In [1]:
import numpy as np
import pandas as pd
import matplotlib.pyplot as plt
import seaborn as sns
sns.set(style='darkgrid')

from utils import scatter_plot

%load_ext autoreload
%autoreload 2

In [4]:
ifmha = pd.read_csv('./dataset/IFMHA.csv', converters={'site_no': str}, low_memory=False)
ifmha.shape

(2802532, 47)

In [7]:
# Remove Zero/Missing Values
candidate_columns=['site_no', 'site_tp_cd', 'chan_discharge', 'chan_area', 'chan_width', 'SLOPE']

ifmha_subset = ifmha[(ifmha[candidate_columns] != 0).all(axis=1)]
ifmha_subset = ifmha_subset.dropna(axis=0, how='any', subset=candidate_columns)
print(f"dataset size: {ifmha_subset.shape}")

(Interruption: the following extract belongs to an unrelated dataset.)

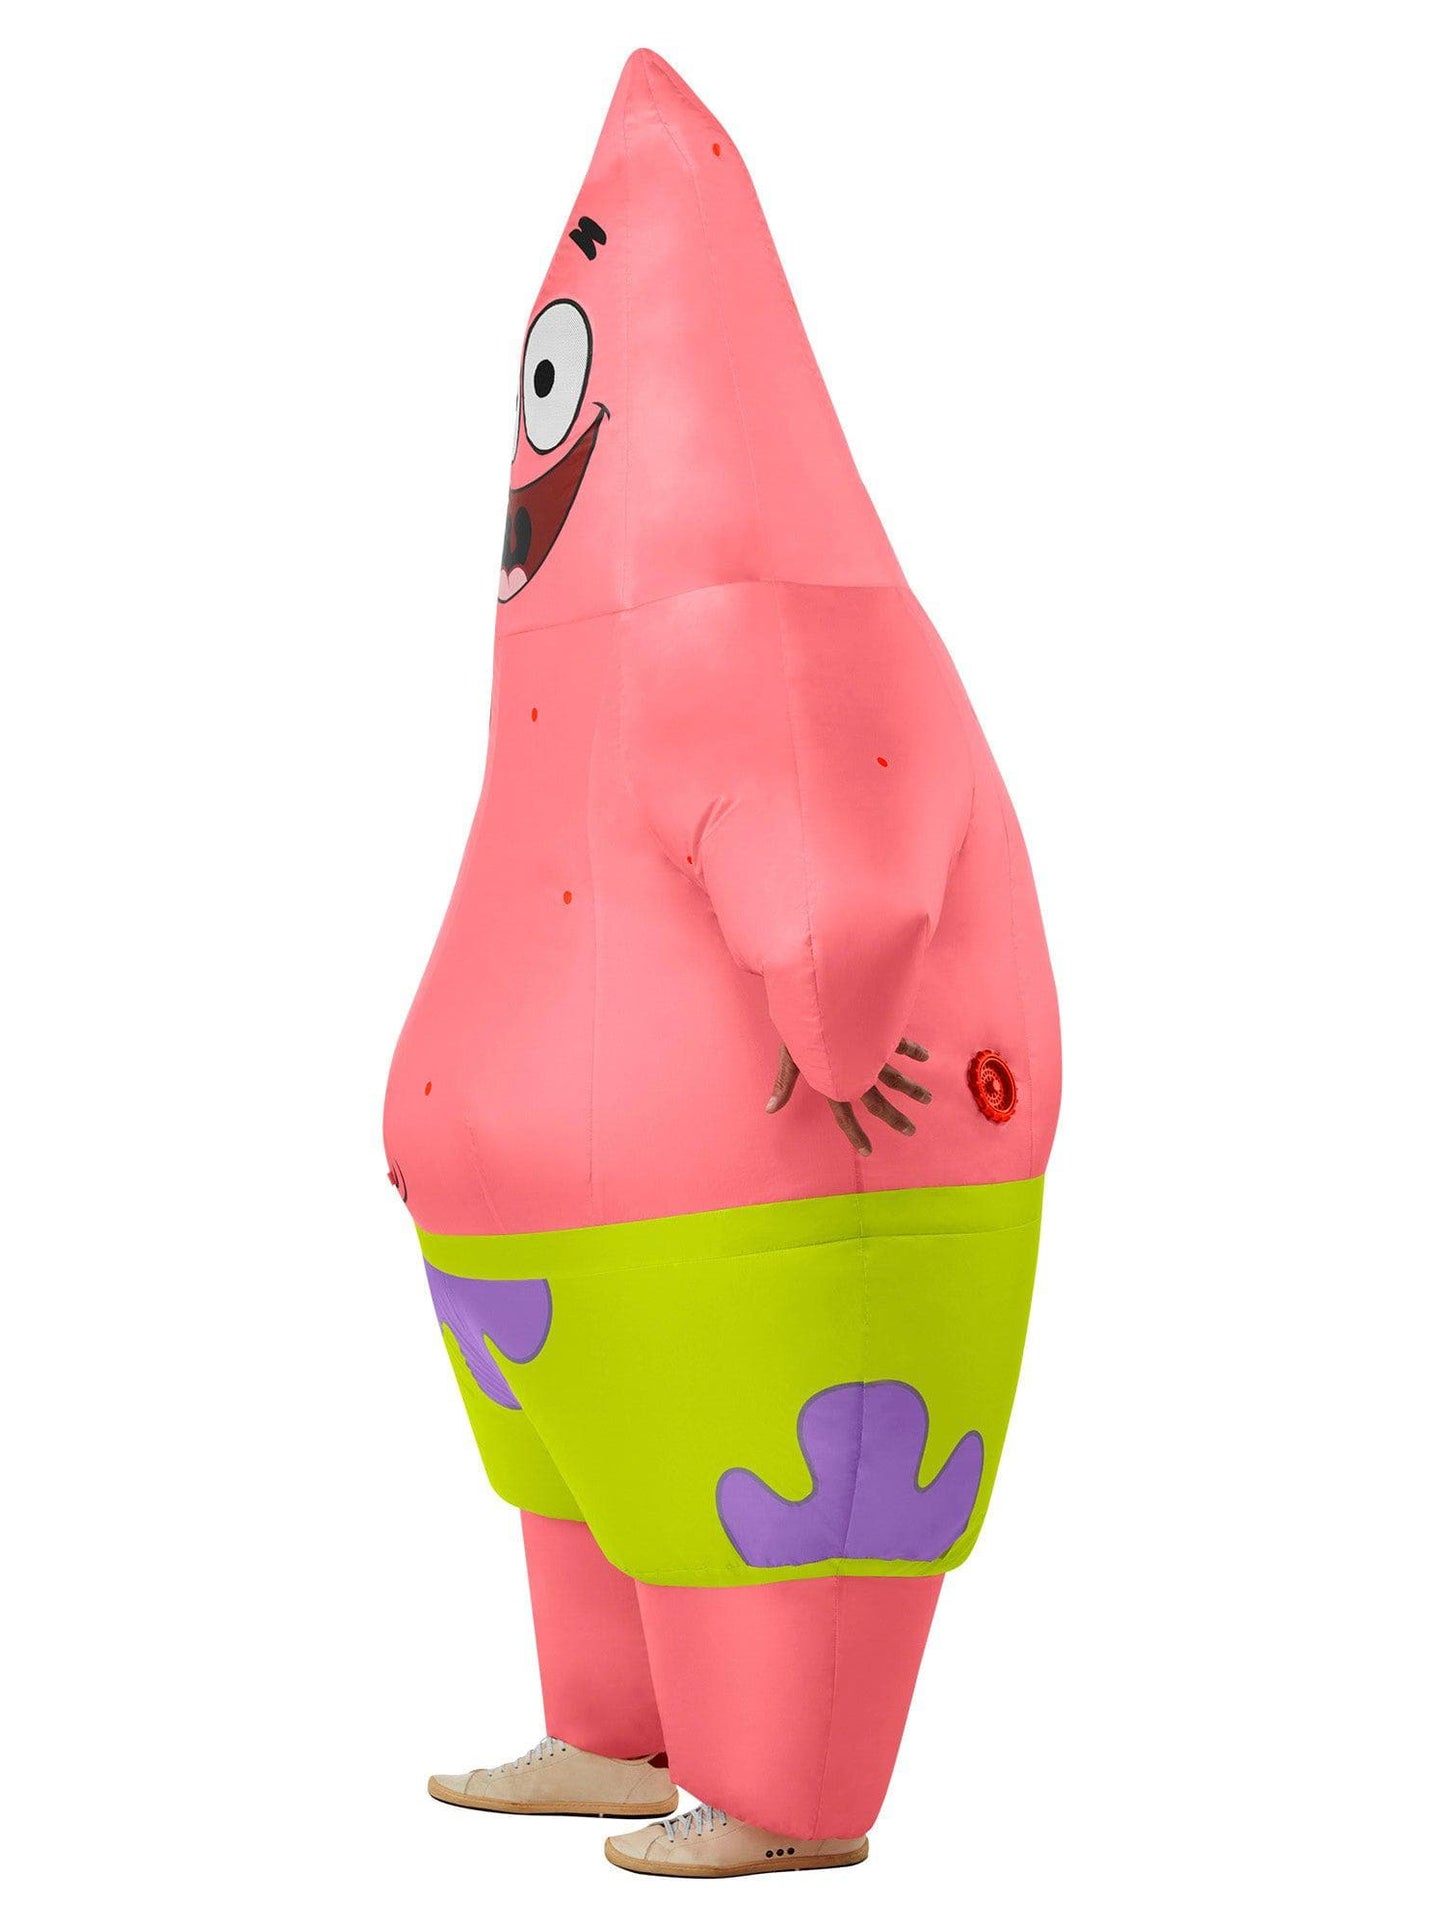 SpongeBob SquarePants Inflatable Patrick Star Adult Costume - Paramount Shop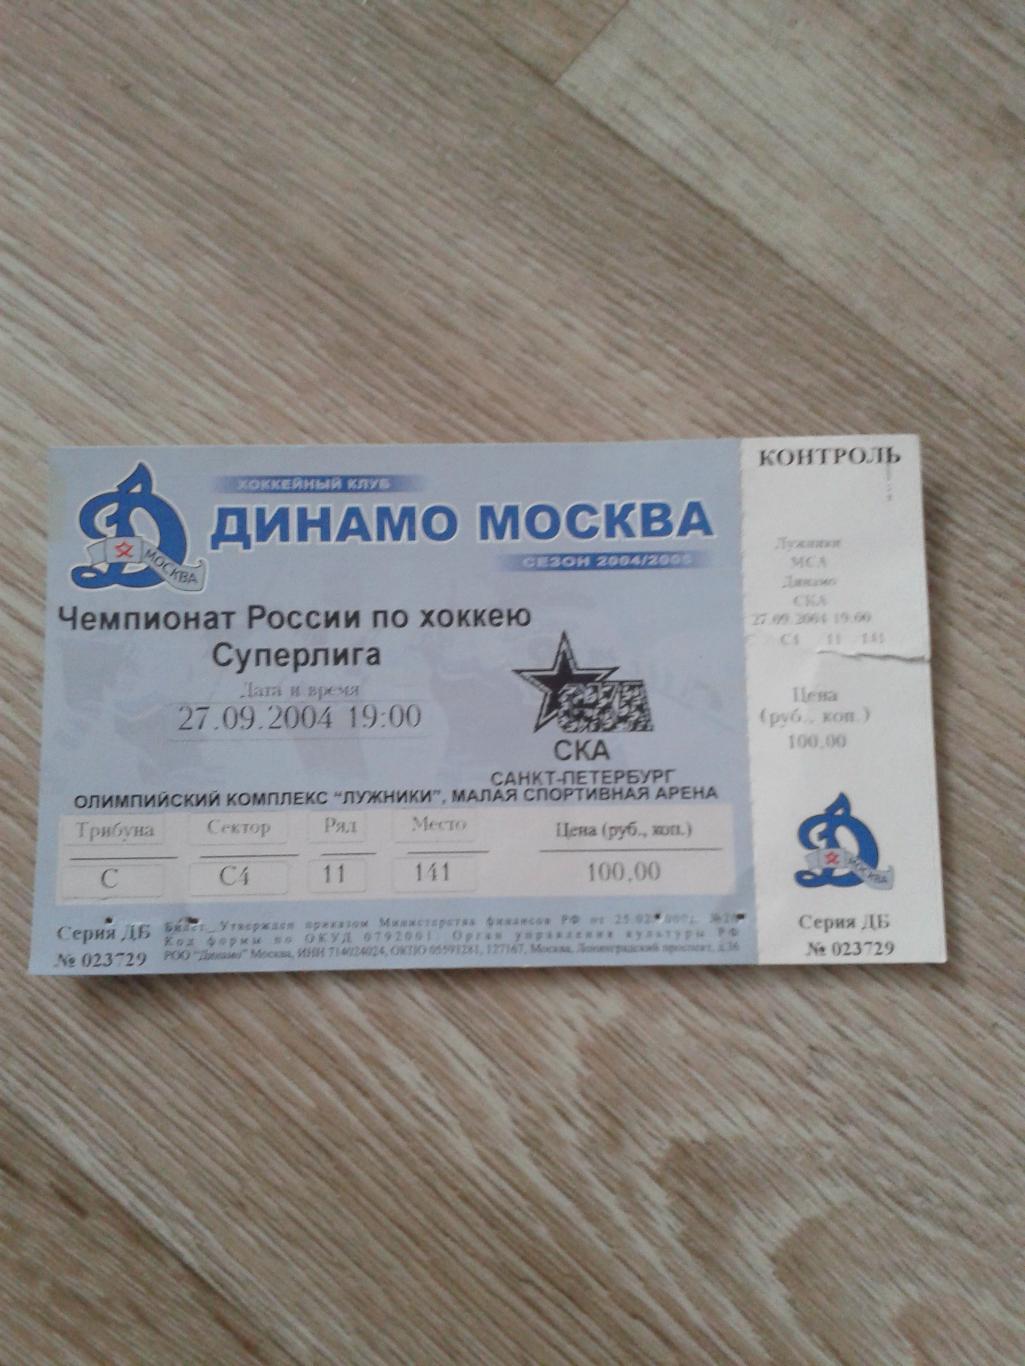 27.9.2004 Динамо Москва-СКА Санкт-Петербург билет

dataset size: (2248655, 47)


In [8]:
# Exclude USGS sites with negative discharge observations
ifmha_subset = ifmha_subset[ifmha_subset.groupby('site_no')['chan_discharge'].transform(lambda x: (x<0).sum()) == 0]
ifmha_subset.shape

(2107954, 47)

In [9]:
# Keep only sites categorized as channels or streams
ifmha_subset = ifmha_subset[ifmha_subset['site_tp_cd'].isin(['ST'])]
print(ifmha_subset.shape)

(2093881, 47)


In [10]:
# Mean depth estimation
ifmha_subset['chan_mean_depth'] = ifmha_subset['chan_area']/ifmha_subset['chan_width']

# Maximum depth estimation
ifmha_subset['chan_max_depth'] = 1.47910570 * ifmha_subset['chan_mean_depth'] - 0.02600691

In [12]:
# Sanity check for having physically meaningful channel characteristics
ifmha_subset = ifmha_subset[(ifmha_subset[['chan_area', 'chan_mean_depth', 'chan_max_depth']] > 0).all(axis=1)]
print(ifmha_subset.shape)

(2093328, 49)